Records:
>>>>>
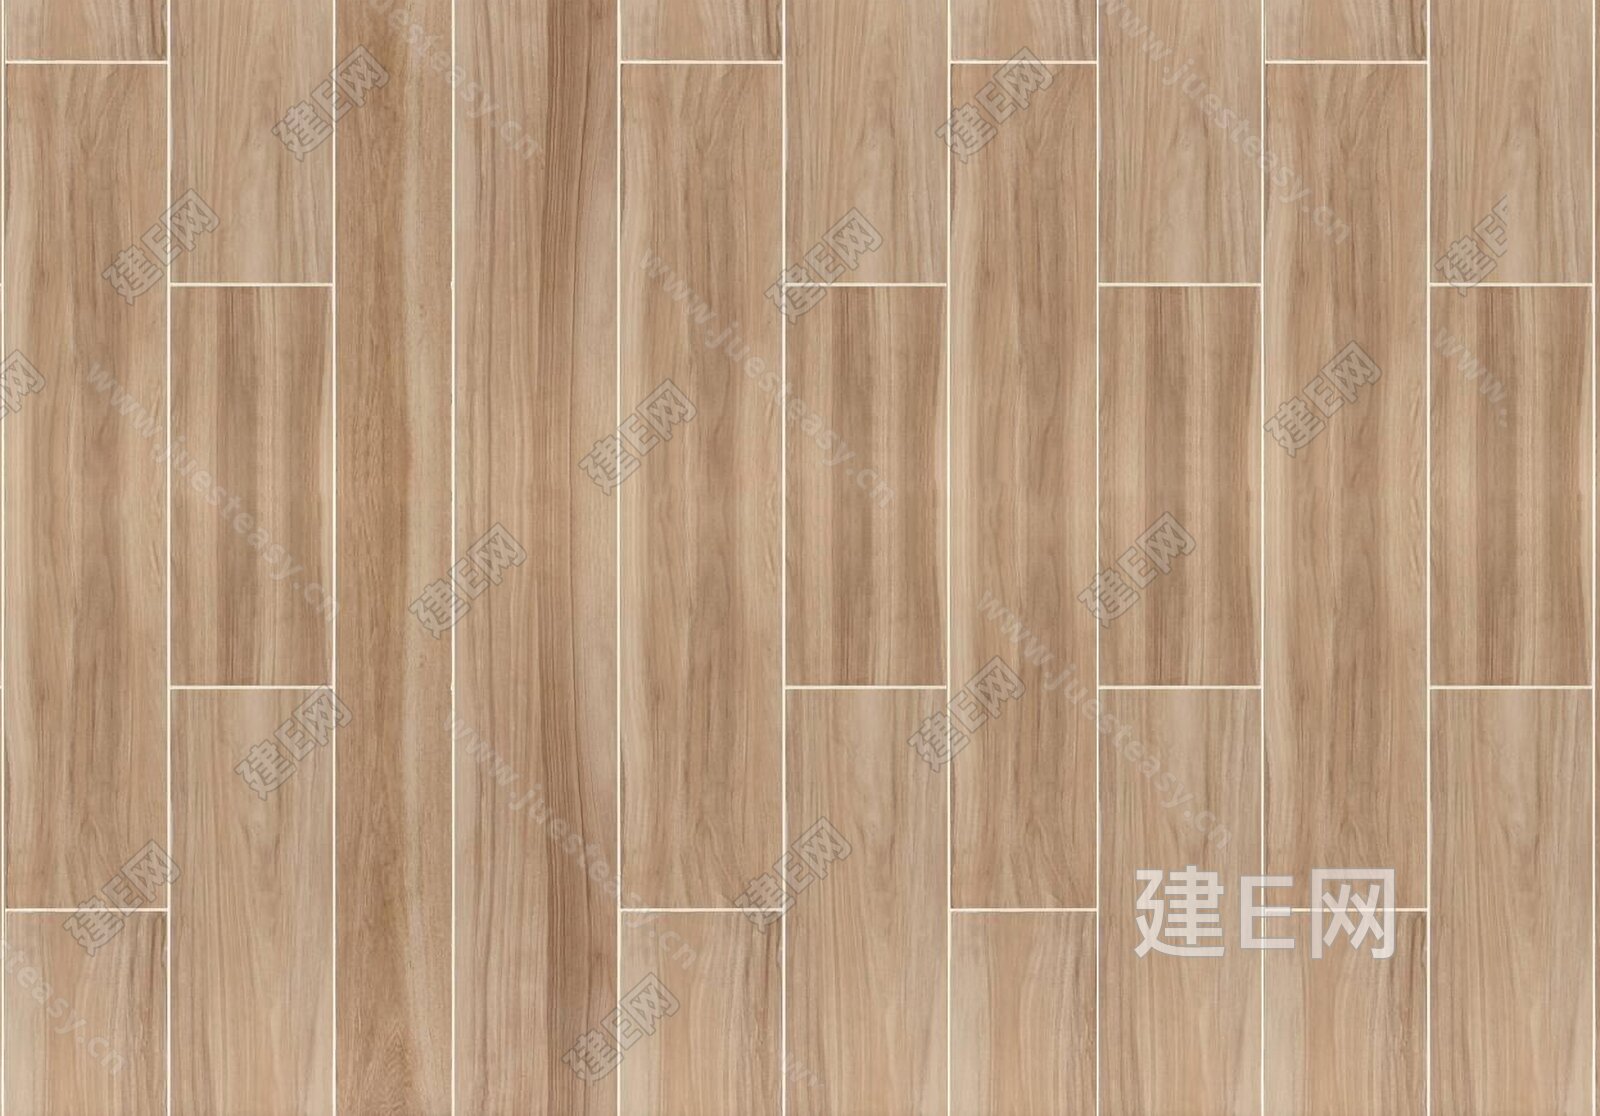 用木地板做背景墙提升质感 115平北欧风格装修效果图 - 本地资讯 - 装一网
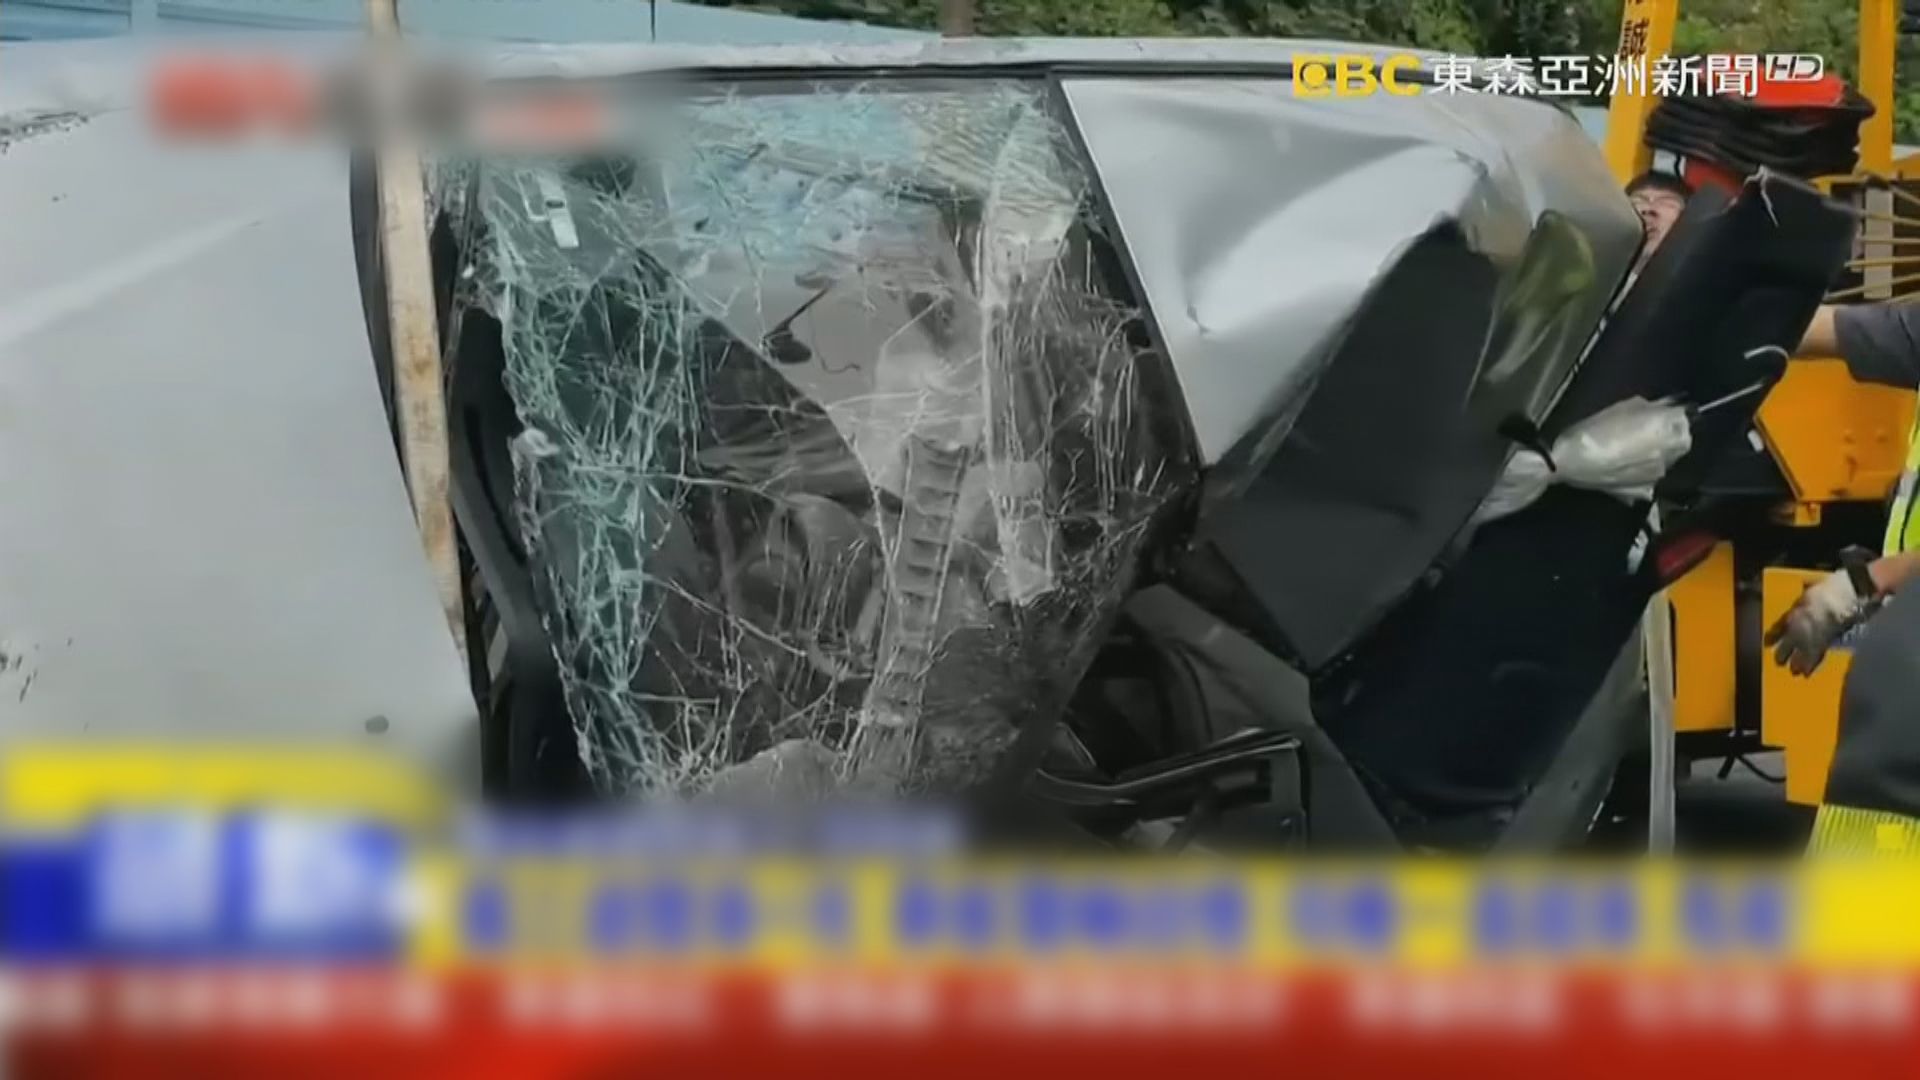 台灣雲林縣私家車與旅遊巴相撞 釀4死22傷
<<<<<
>>>>>
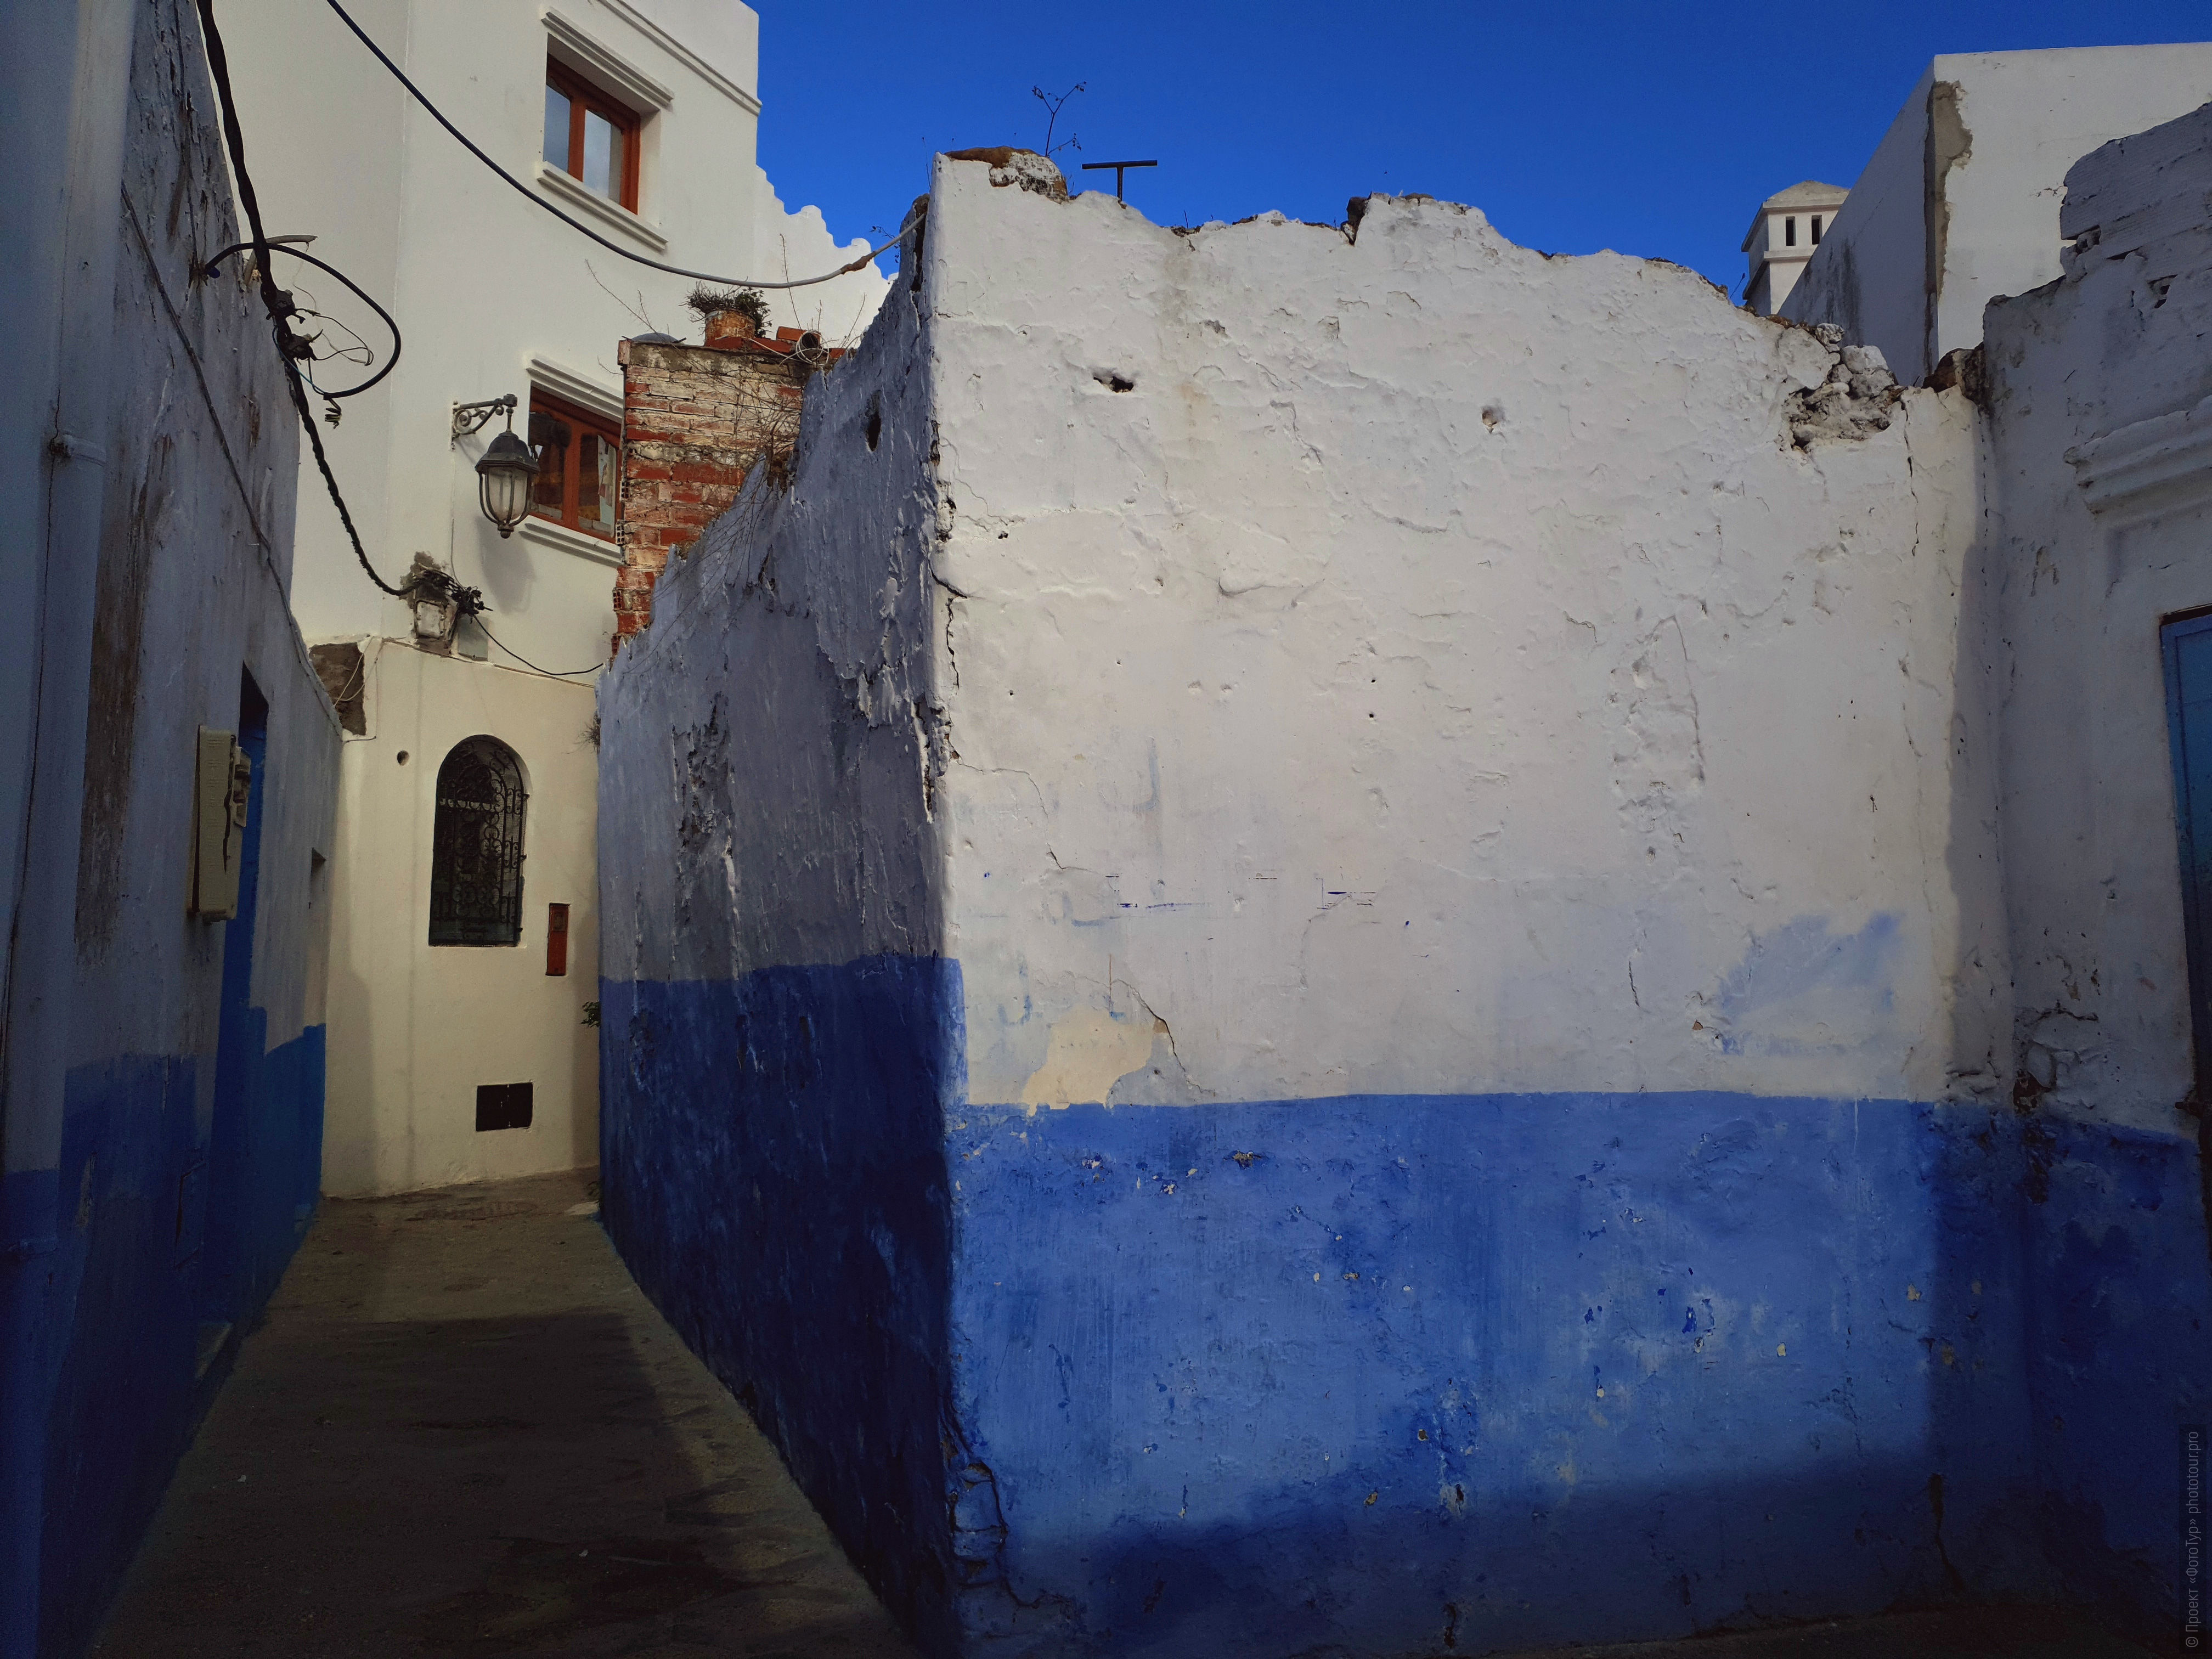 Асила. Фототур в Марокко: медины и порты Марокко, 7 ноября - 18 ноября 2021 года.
<<<<<
>>>>>
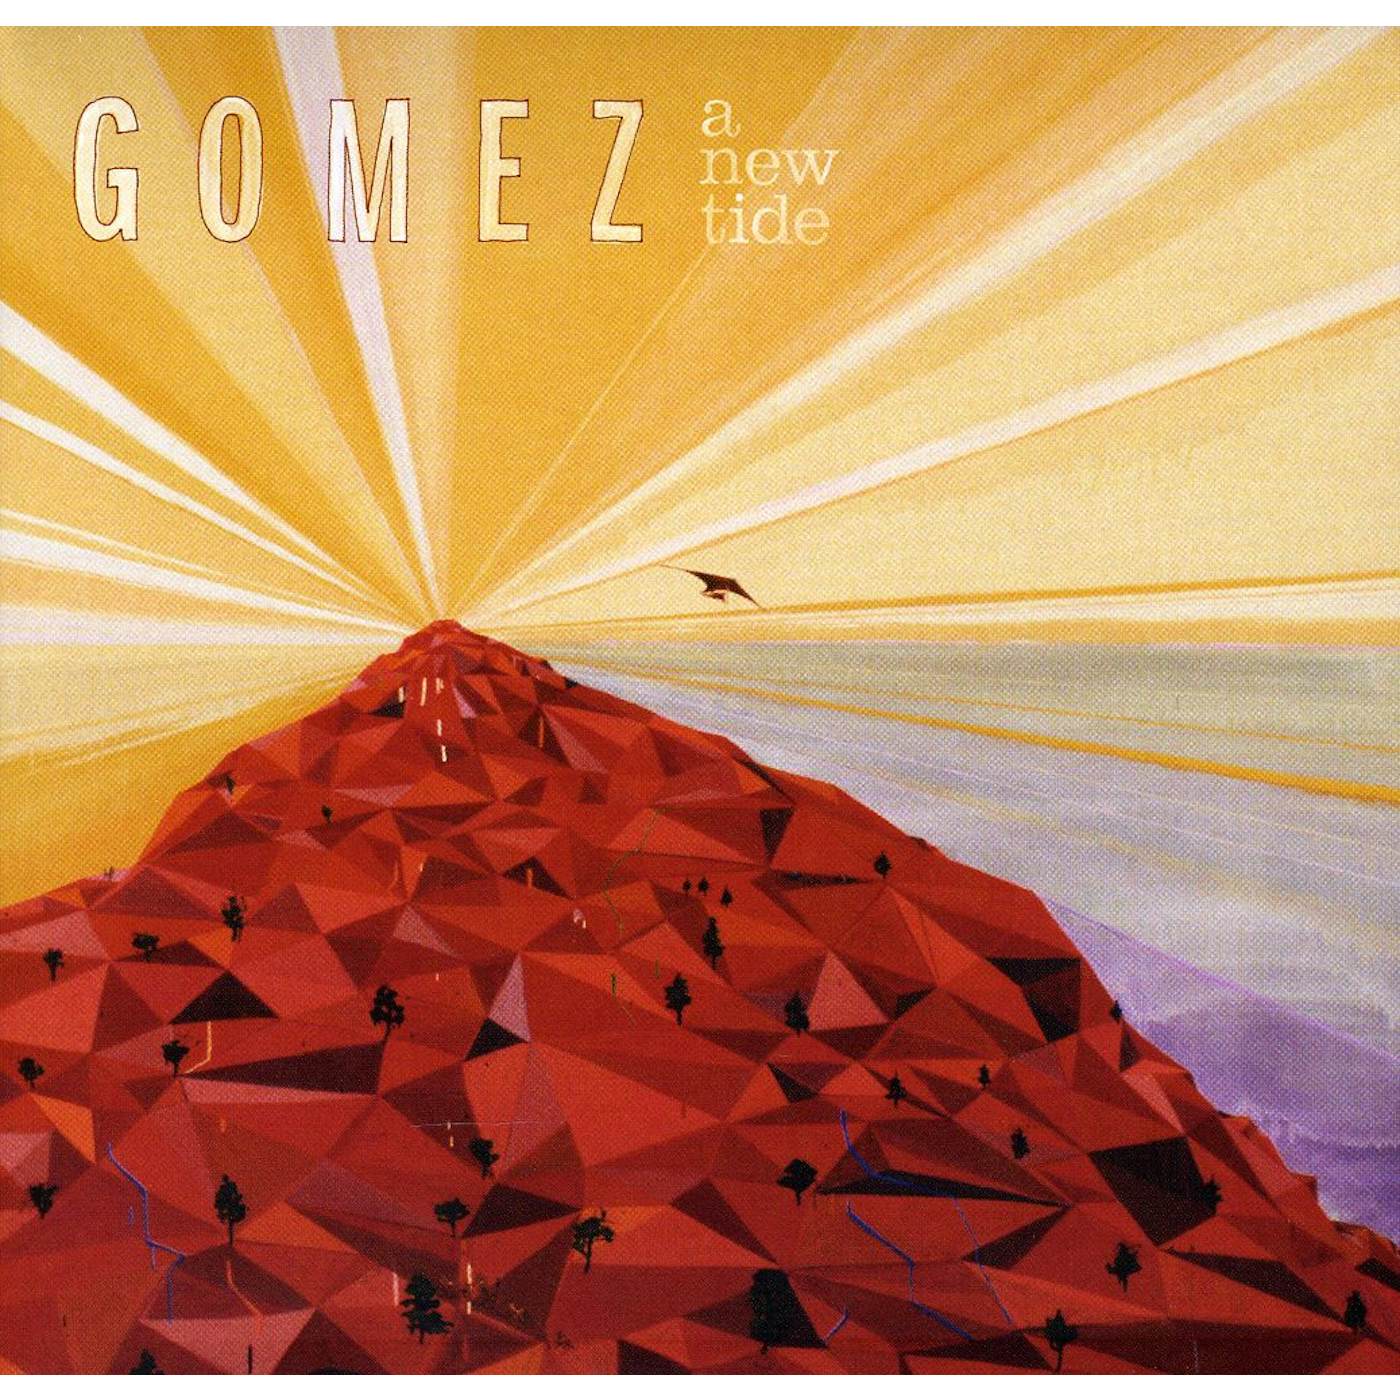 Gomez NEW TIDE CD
<<<<<
Task instructions:
Pictures do not belong in the answer. Return the lines above starting at the one with "用木地板做背景墙提升质感 115平北欧风格装修效果图 - 本地资讯 - 装一网" and ending at the one with "台灣雲林縣私家車與旅遊巴相撞 釀4死22傷", both kept, exactly.

Result of the exercise:
 用木地板做背景墙提升质感 115平北欧风格装修效果图 - 本地资讯 - 装一网
 台灣雲林縣私家車與旅遊巴相撞 釀4死22傷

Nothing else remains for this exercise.